This is a story about a study that follows-up on the long-term effects of hormone therapy on the risk of death. The findings show that women who took combined hormone therapy (estrogen and progesterone) for approximately 5 years, or who took estrogen alone for 7 years, had the same risk of death 18 years later as those who had taken no hormone therapy.
Thus the small increases in risk of developing breast cancer and (mainly in older women) heart disease with combined hormone therapy did not translate into an increased risk of death.
The story does a good job describing the findings, and how the study was designed. The inclusion of an independent source also strengthened the reporting. A discussion of the costs would have made it even stronger.
The subject of women and menopause and hormone therapy has been debated for decades. This new study, which shows no significant difference in death rates for women who did or did not take hormone replacement, is important. But the take-home message, which is also important, is that each woman has to talk about risk vs. benefit with her own health-care practitioner in order to understand the nuances. This story will help women make an informed choice.
No information is given on the cost of a typical course of treatment.
This study does not aim to quantify the benefits of treatment, rather to show whether there is any difference in risk of death associated with taking hormone therapy for 5 to 7 years. The original Women’s Health Initiative trial was designed to examine whether there was any benefit of hormone therapy for prevention or heart disease, which had been suggested by earlier studies.
The story does a good job of outlining the complicated history of findings from hormone replacement studies, and the harms and risks, and uses numbers to explain the risks.
There is great nuance in the findings, which can be interpreted differently for women of different ages seeking HRT. Women bring different life risks of cardiovascular disease or breast cancer with them into any discussion of HRT.
The conclusion quoted in the story may be less-than-reassuring, but is here:
“Hormone therapy has been in and out of favor – first it was good for all menopausal women, then it was dangerous for all women,” McNeil said. “The take-home message now is that for the right patient, hormone therapy is safe and effective.”
The story does a good job of describing how the study was done and establishing the high-quality of evidence from a large randomized trial.
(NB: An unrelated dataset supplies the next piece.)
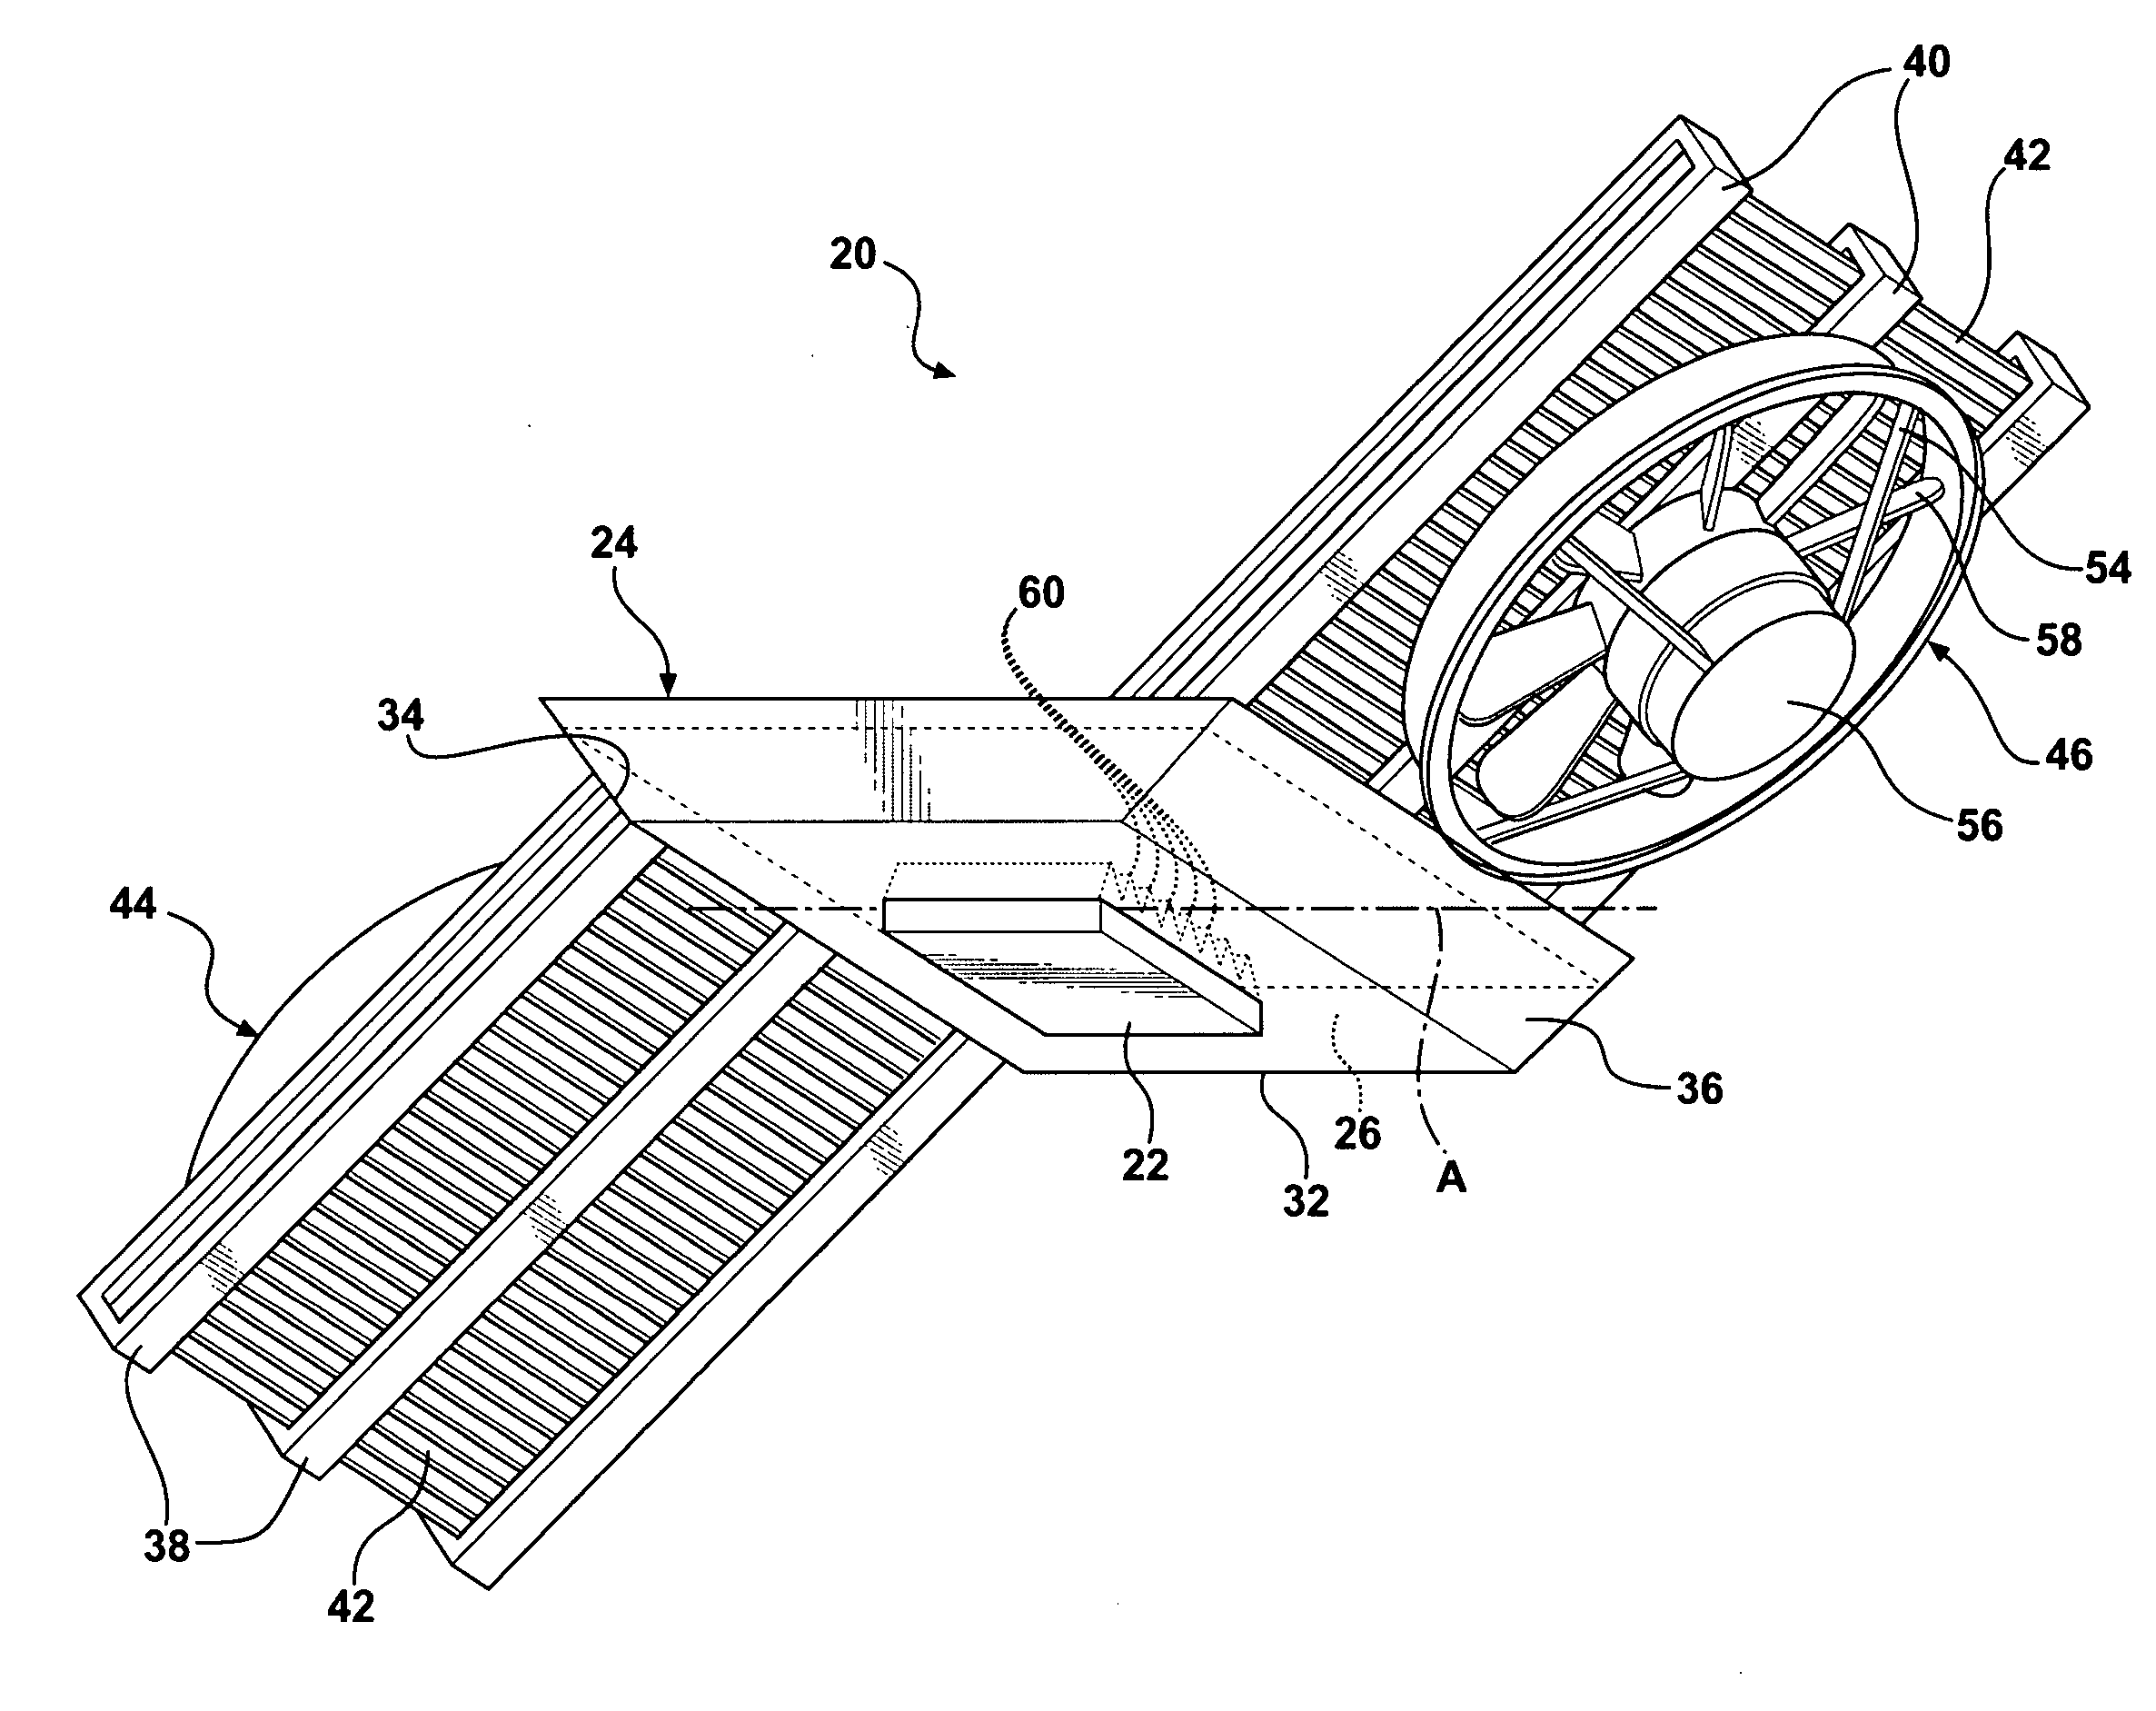 Orientation insensitive thermosiphon capable of operation in upside down position

There was no disease mongering.
The story included an independent source and there does not appear any conflicts of interest that should have been disclosed.
The story is about alternatives, on its face, about the alternative of taking or not taking hormone replacement therapy. We wish there had been a sentence or two more on how other methods are available to women to ease symptoms.
These therapies are widely available and that’s implied in the story.
The story makes it clear that this is a new analysis that looks at long-term data on deaths years after use or non-use of hormone therapy.
The story includes original reporting and does not rely solely on the news release.